Os psicoestimulantes são a primeira linha de tratamento para adultos com TDAH. A metilfenidato (Ritalina, Concerta) e as anfetaminas derivadas (vandas, lisdexamfetamina) têm eficácia comprovada em cerca de 70 a 80% dos adultos. Eles aumentam a disponibilidade de dopamina e norepinefrina nas sinapses pré-frontais, melhorando a capacidade de manter atenção, inibir impulsos e organizar tarefas. O problema é que a resposta individual varia muito. Meu caso mais difícil foi com um paciente que respondia bem a dose baixa de metilfenidato mas desenvolveu taquicardia e ansiedade significativa acima de 20mg/dia. Troquei para lisdexamfetamina em dose fracionada e o quadro estabilizou. Isso mostra que ajustar o medicamento é tão importante quanto prescrevê-lo. Testar, observar efeitos colaterais, ajustar dose e trocar se necessário é parte normal do processo, não um fracasso.

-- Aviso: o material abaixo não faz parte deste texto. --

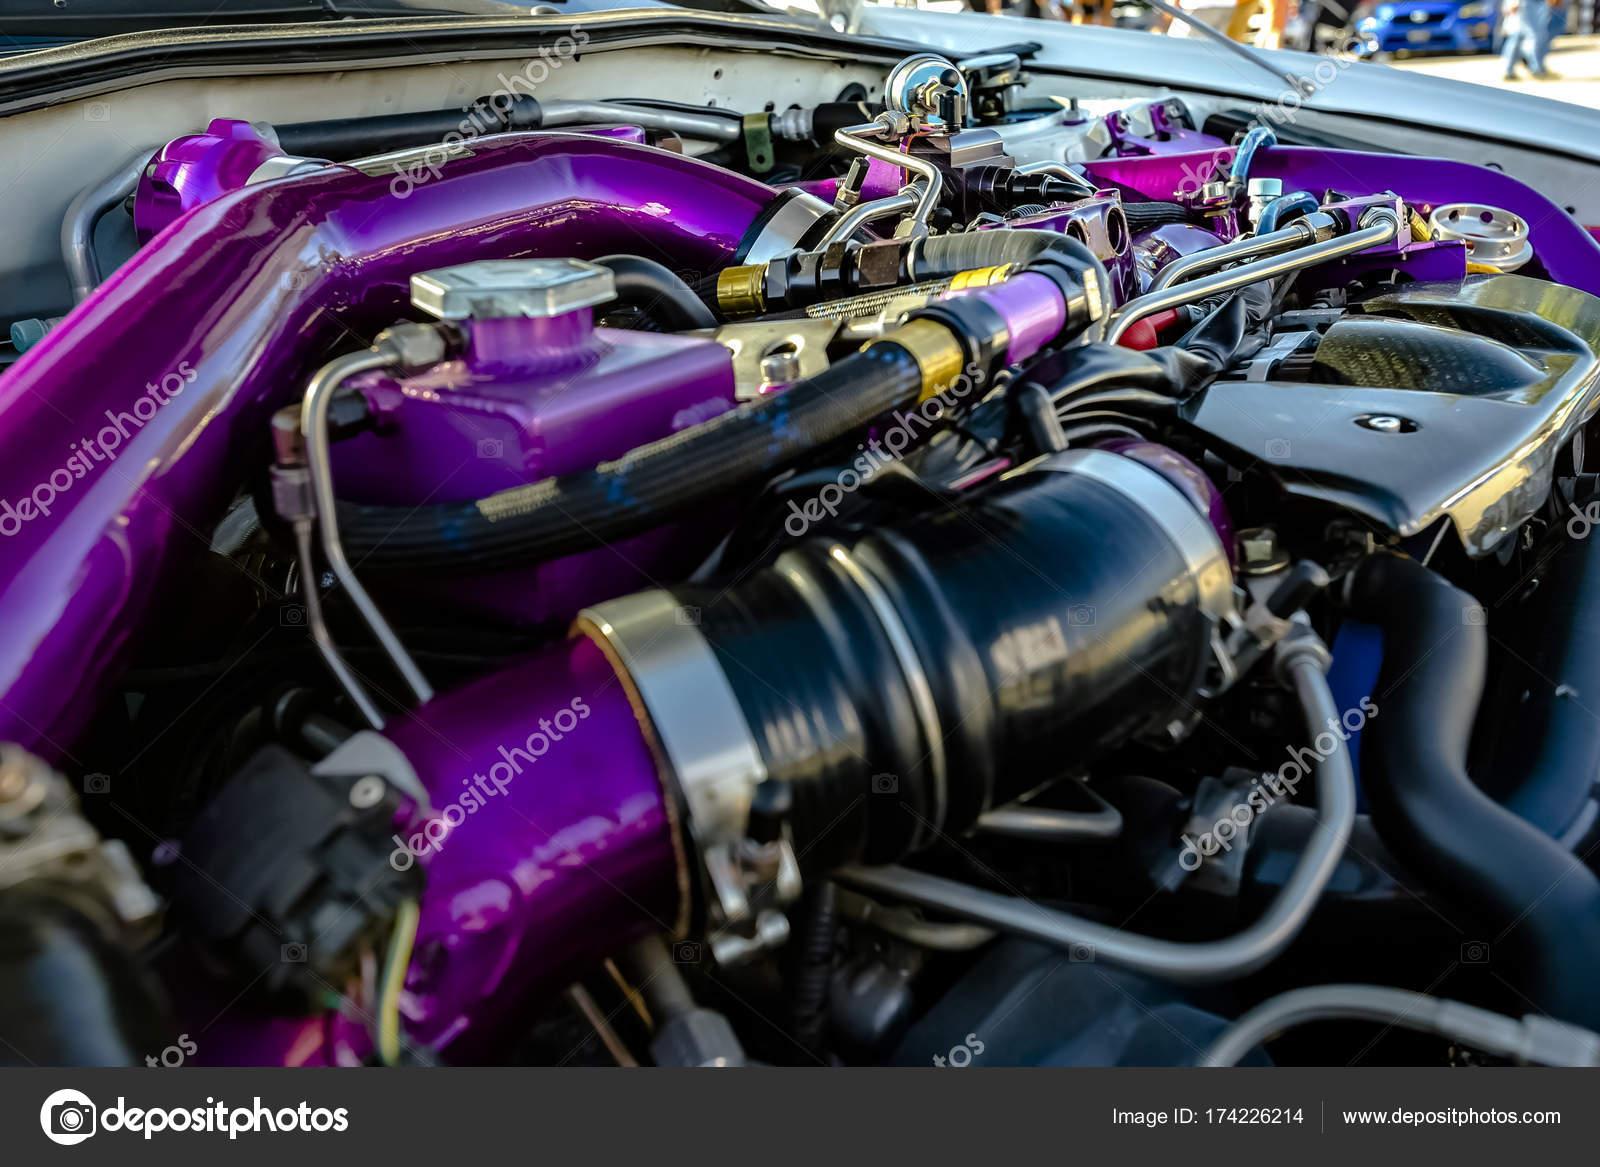 Lila Rohre in einem modernen Auto — Stockfoto © dropthepress@gmail ...

Não estimulantes como atomoxetina (Strattera) e guanfacina são alternativas quando estimulantes não são bem tolerados ou há contraindicações. Atomoxetina tem efeito cumulativo que leva de quatro a seis semanas para full efficacy. Muitos pacientes desistem na primeira semana achando que não está funcionando. Não é o caso, é o mecanismo do medicamento. efeitos colaterais comuns incluem perda de apetite, dificuldade para dormir, irritabilidade, dor de cabeça e aumento da frequência cardíaca. Monitoramento cardiovascular básico é recomendado antes de iniciar e periodicamente durante o uso. Pressão arterial e pulsação devem ser verificadas. Em pacientes com histórico pessoal ou familiar de cardiopatia, avaliação cardiológica prévia é indicada.

Psicoterapia: qual abordagem tem evidencia

A terapia cognitivo-comportamental adaptada para TDAH adulto é a abordagem com mais evidência científica. Foca em habilidades práticas: organização, planejamento, manejo do tempo, identificação de padrões de procrastinação e reestruturação de crenças como "eu sempre consigo deixar pra depois". O modelo padrão dura entre 16 e 20 sessões. Sessões semanais nos primeiros meses, com intervalo maior conforme o paciente estabiliza. Grupos de habilidades também são úteis, especialmente para prática de técnicas em contexto coletivo.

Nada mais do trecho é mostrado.